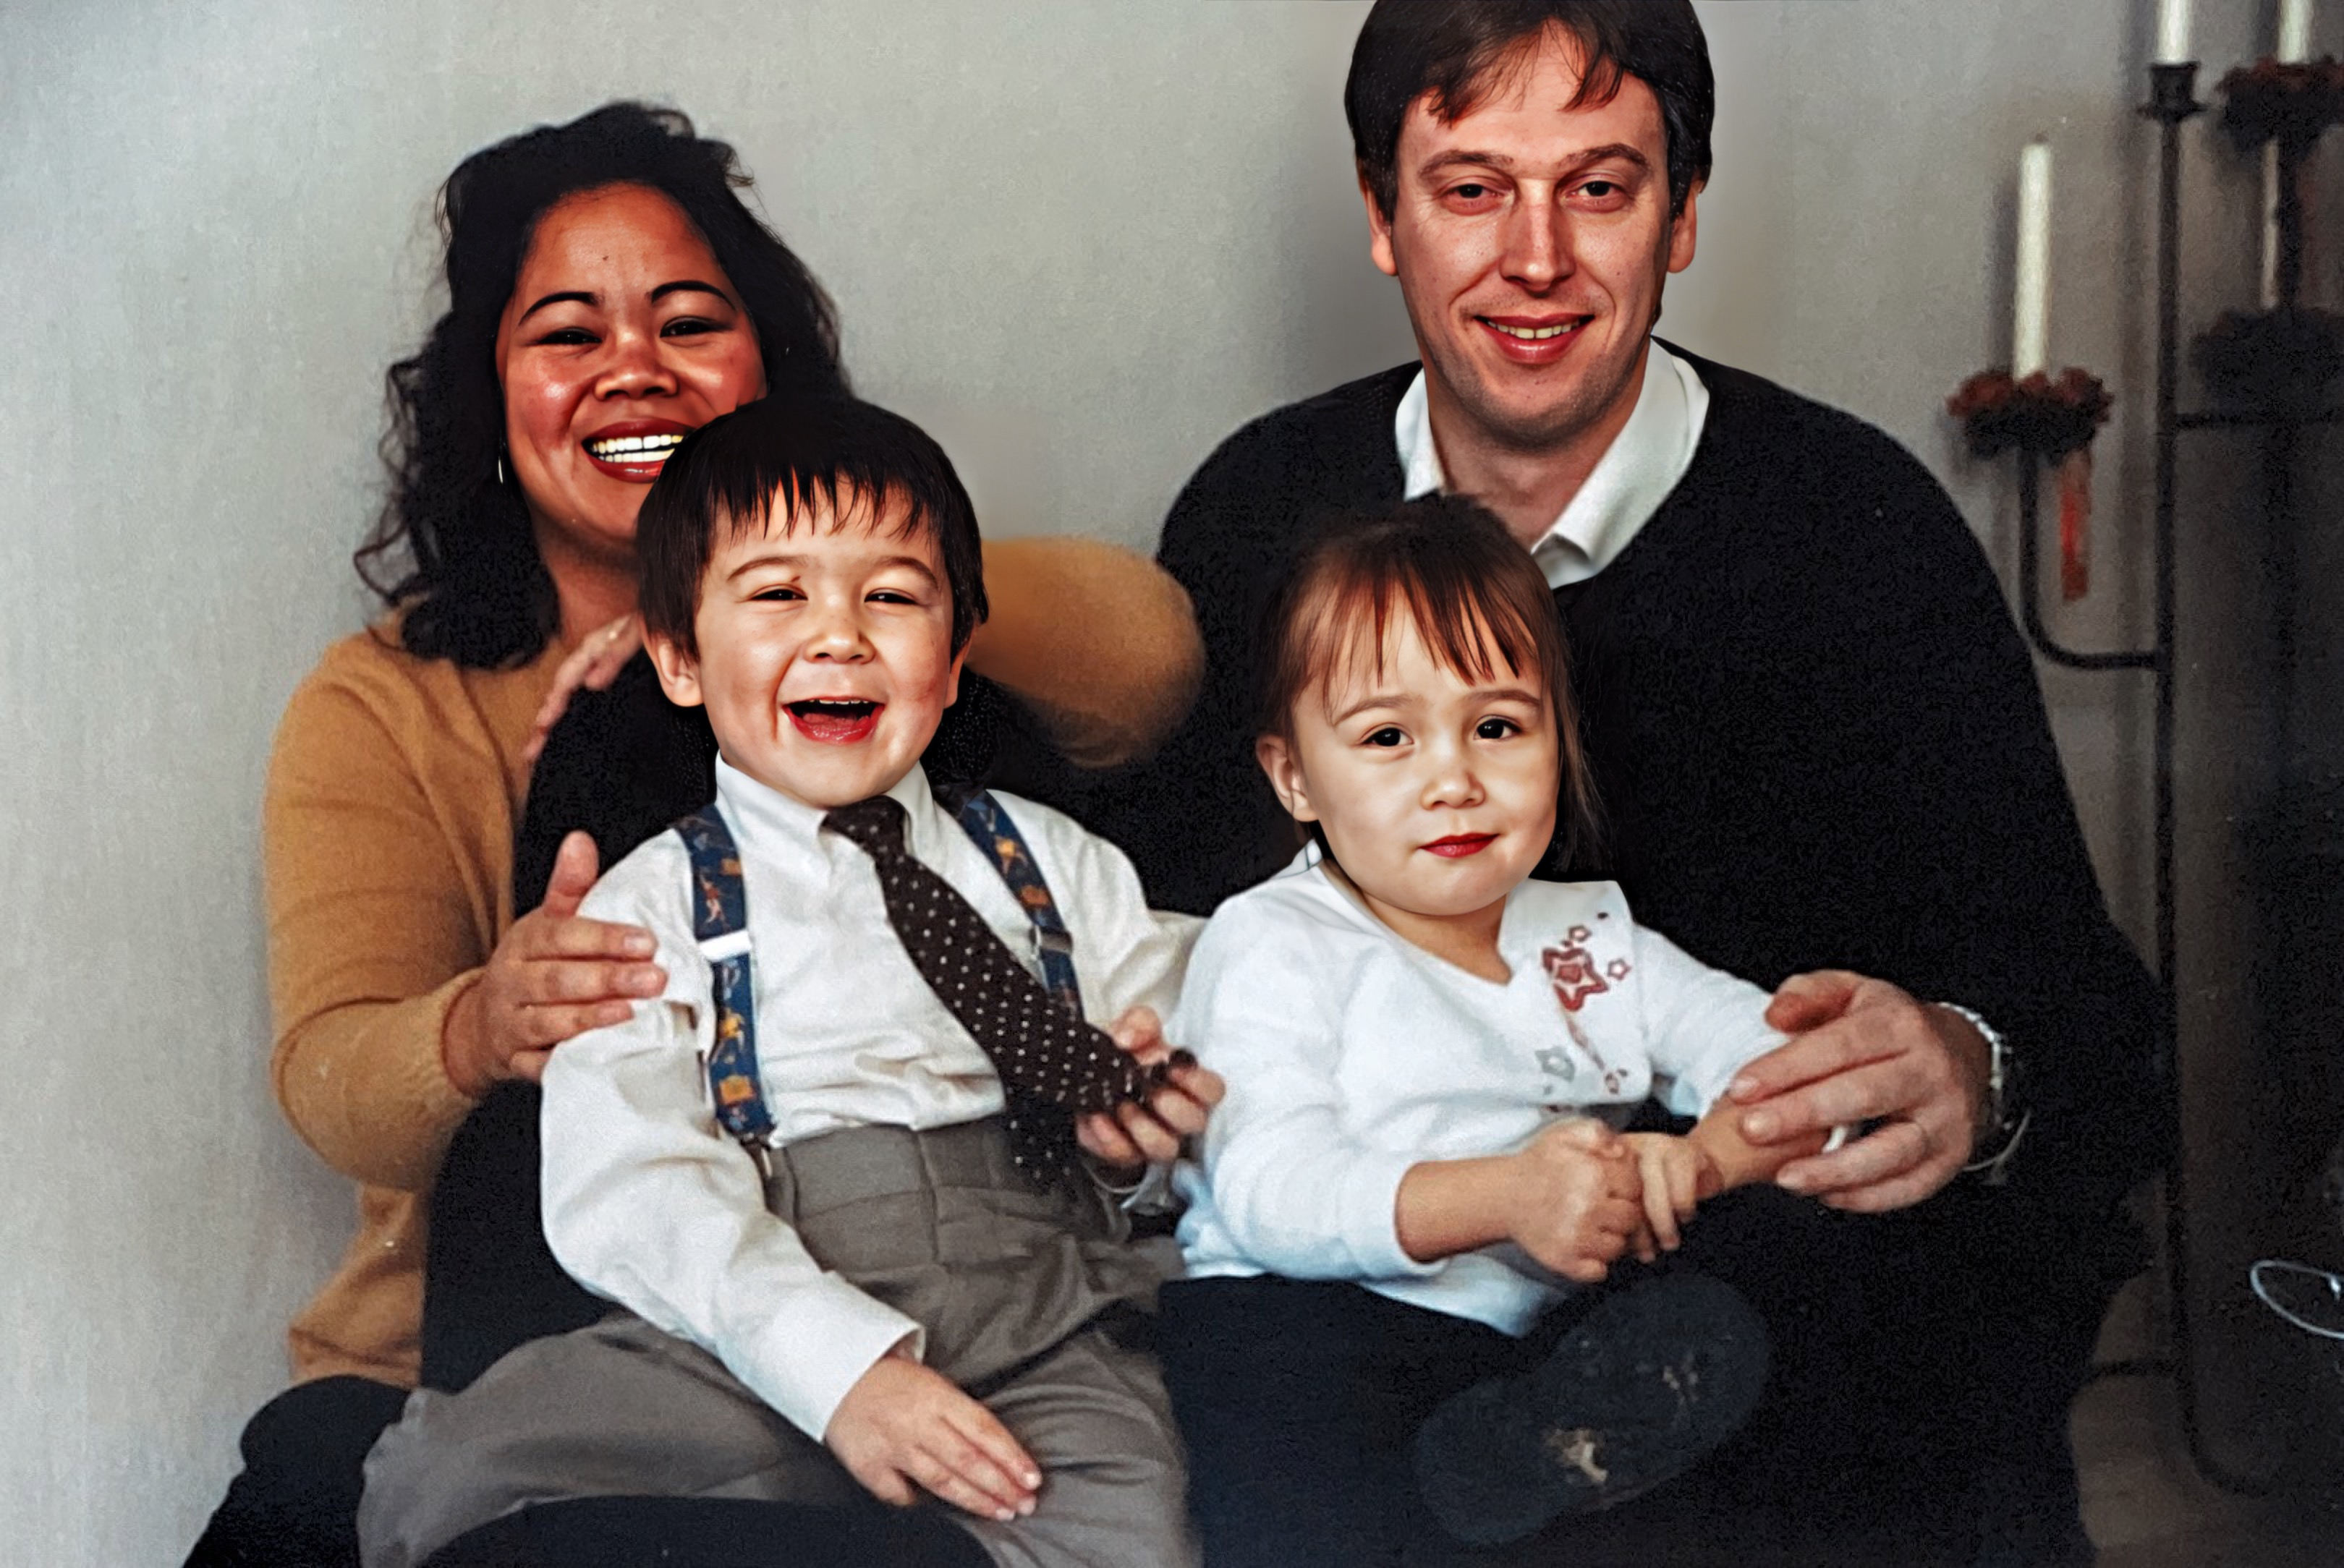 Family photo session April 2004
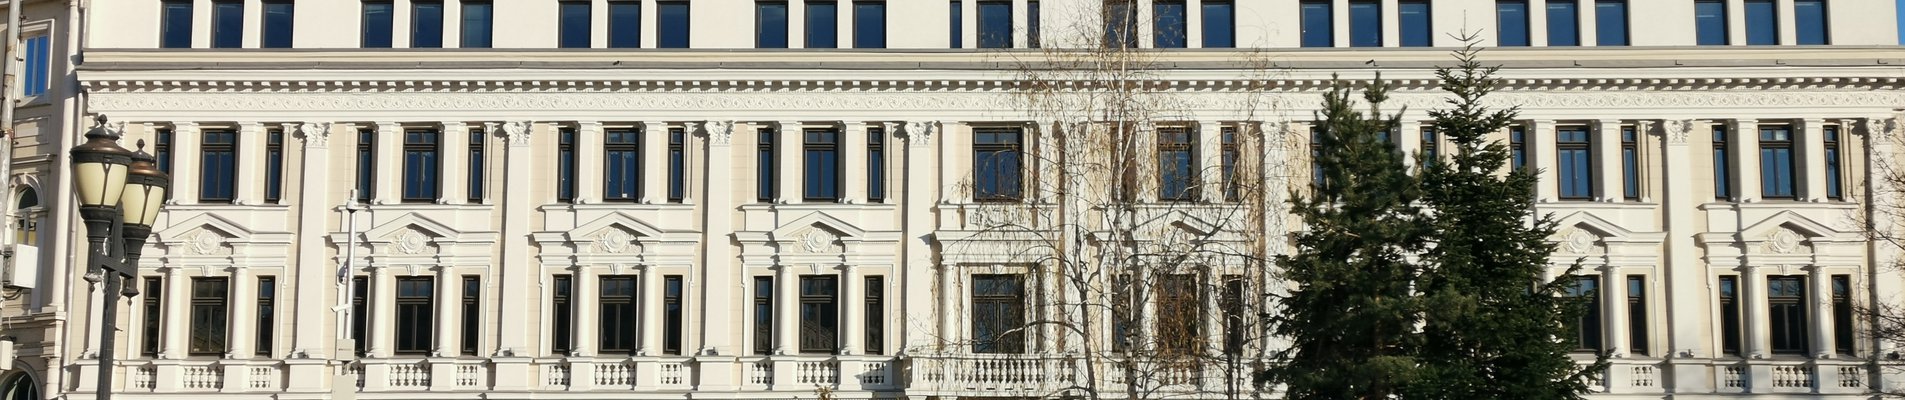 Ръководството на ББР оказва пълно съдействие на българската прокуратура
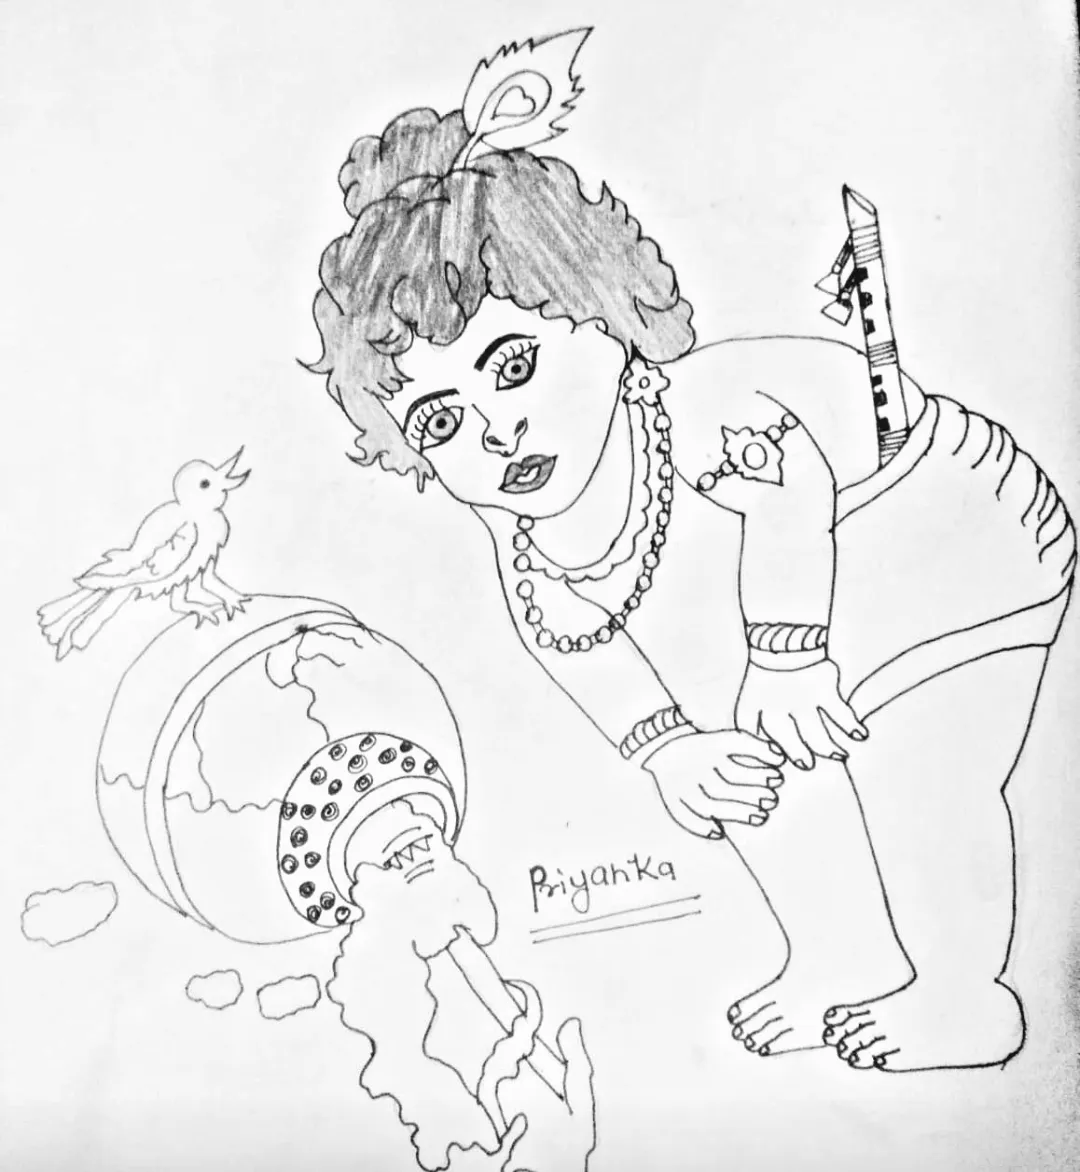 Fine Arts Guruji - Easy krishna drawing by Fine Arts Guruji ☺️New Krishna  Drawing 👇 https://fb.watch/4l96Wh1u5n/ Enjoy!!! Stay Connected.  ✌𝓘𝓷𝓼𝓽𝓪𝓰𝓻𝓪𝓶🥰 https://www.instagram.com/fineartsguruji  😍𝗙𝗮𝗰𝗲𝗯𝗼𝗼𝗸🕺 https://www.facebook.com ...

◆ Exercise instructions ◆
Starting with the line that holds "Ръководството на ББР", print each line through the last one of the data exactly as written, but do not include the pictures.

◆ Task result ◆
 Ръководството на ББР оказва пълно съдействие на българската прокуратура
 Fine Arts Guruji - Easy krishna drawing by Fine Arts Guruji ☺️New Krishna  Drawing 👇 https://fb.watch/4l96Wh1u5n/ Enjoy!!! Stay Connected.  ✌𝓘𝓷𝓼𝓽𝓪𝓰𝓻𝓪𝓶🥰 https://www.instagram.com/fineartsguruji  😍𝗙𝗮𝗰𝗲𝗯𝗼𝗼𝗸🕺 https://www.facebook.com ...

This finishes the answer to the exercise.